◆ Exercise requirements: Leave the images aside and copy out the whole listing, exact to the word.

◆ Information supplied:
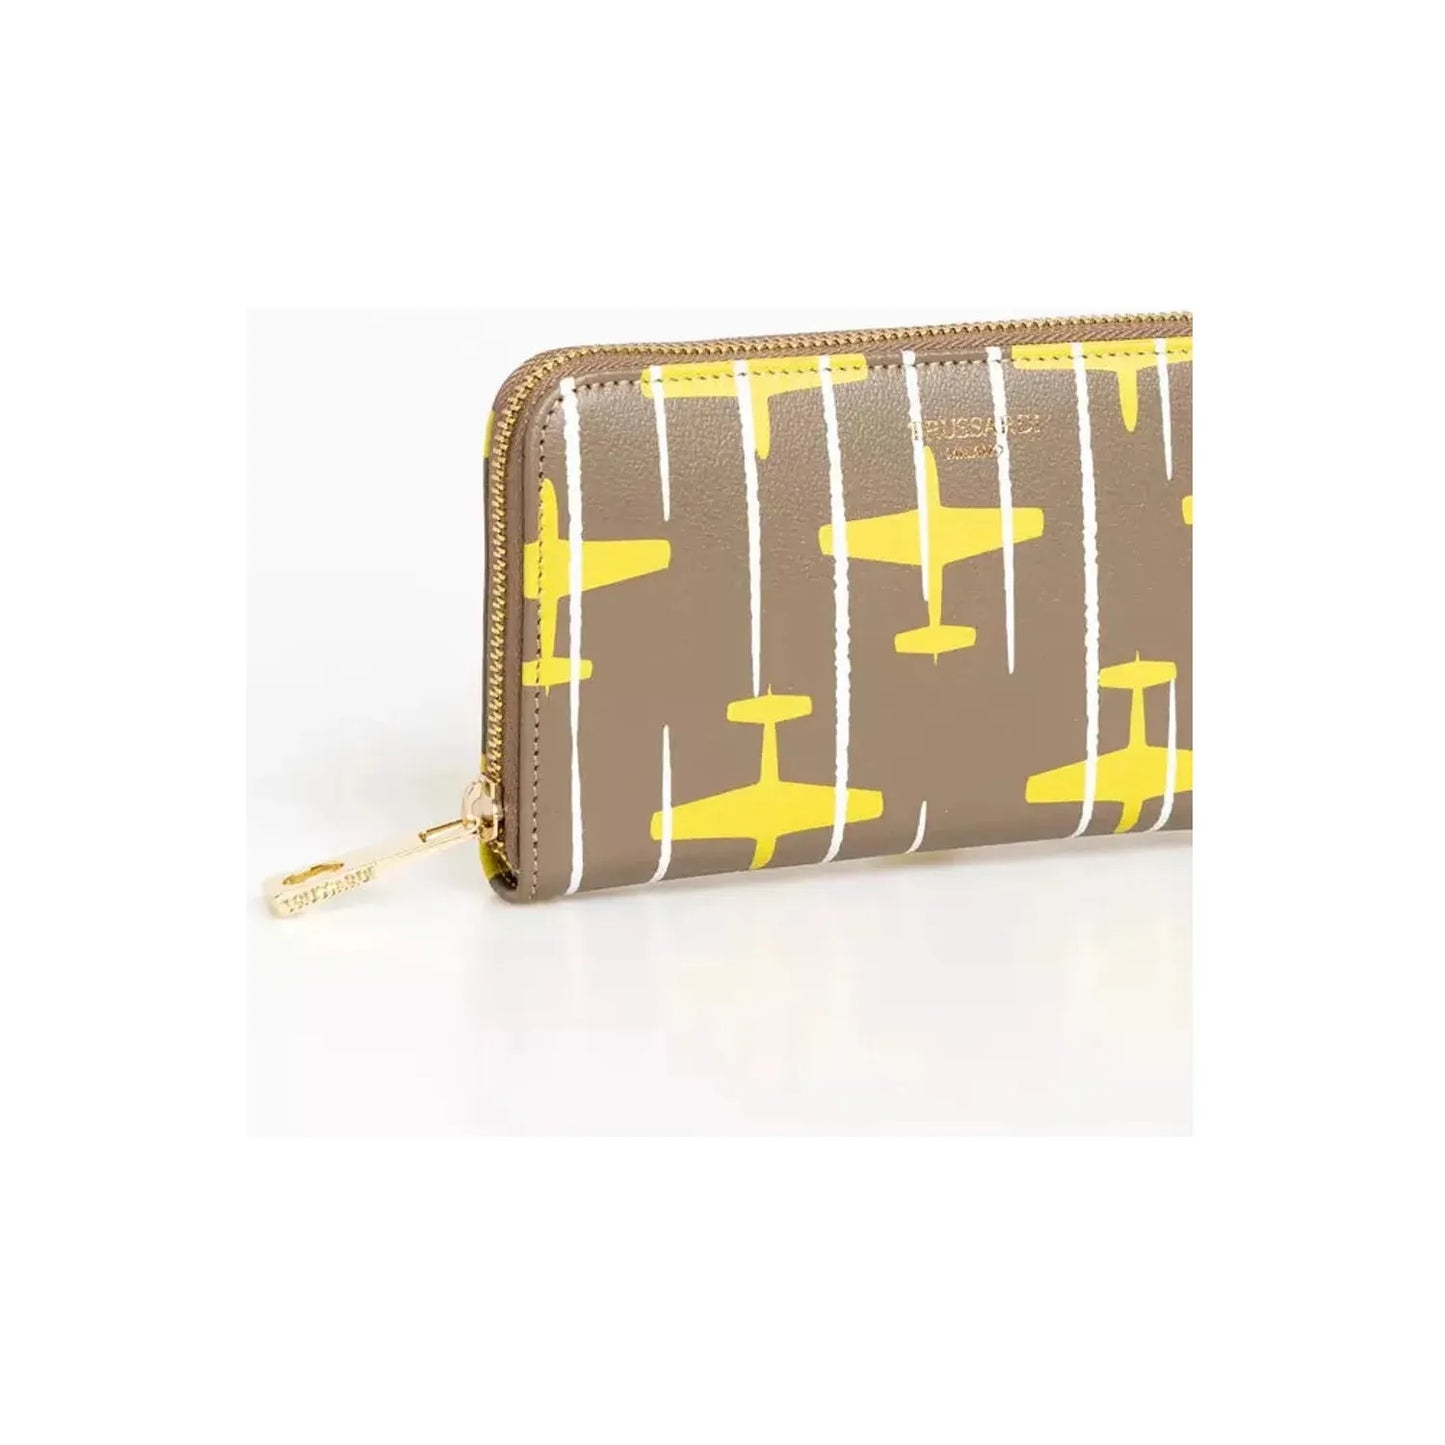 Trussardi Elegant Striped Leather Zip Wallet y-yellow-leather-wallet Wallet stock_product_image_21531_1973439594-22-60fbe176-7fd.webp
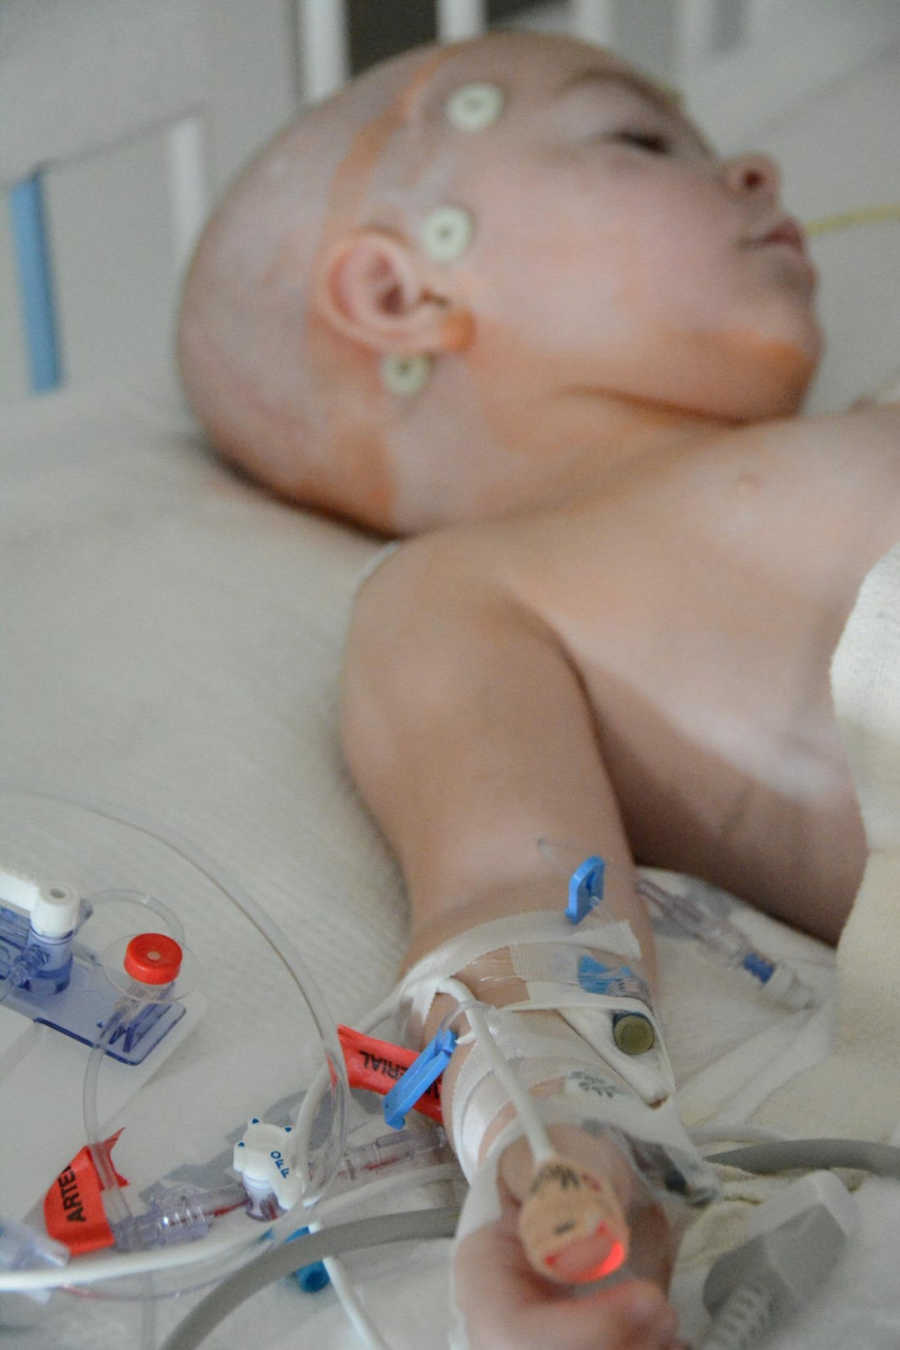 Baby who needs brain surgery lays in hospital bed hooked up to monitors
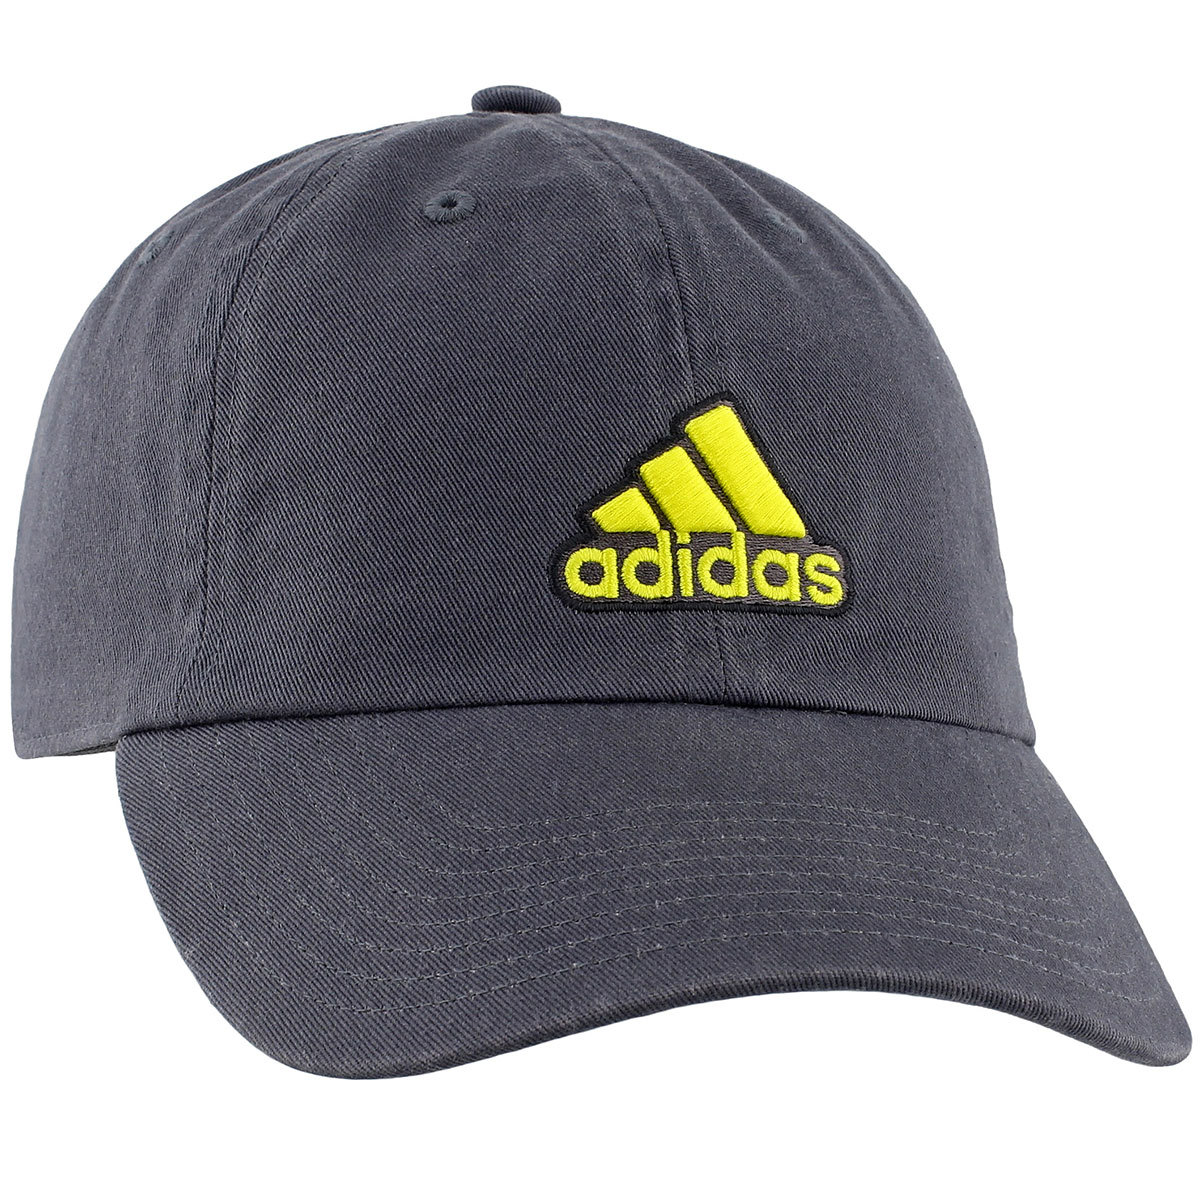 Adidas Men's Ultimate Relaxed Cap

◆ Answer space:
 Trussardi Elegant Striped Leather Zip Wallet y-yellow-leather-wallet Wallet stock_product_image_21531_1973439594-22-60fbe176-7fd.webp
 Baby who needs brain surgery lays in hospital bed hooked up to monitors
 Adidas Men's Ultimate Relaxed Cap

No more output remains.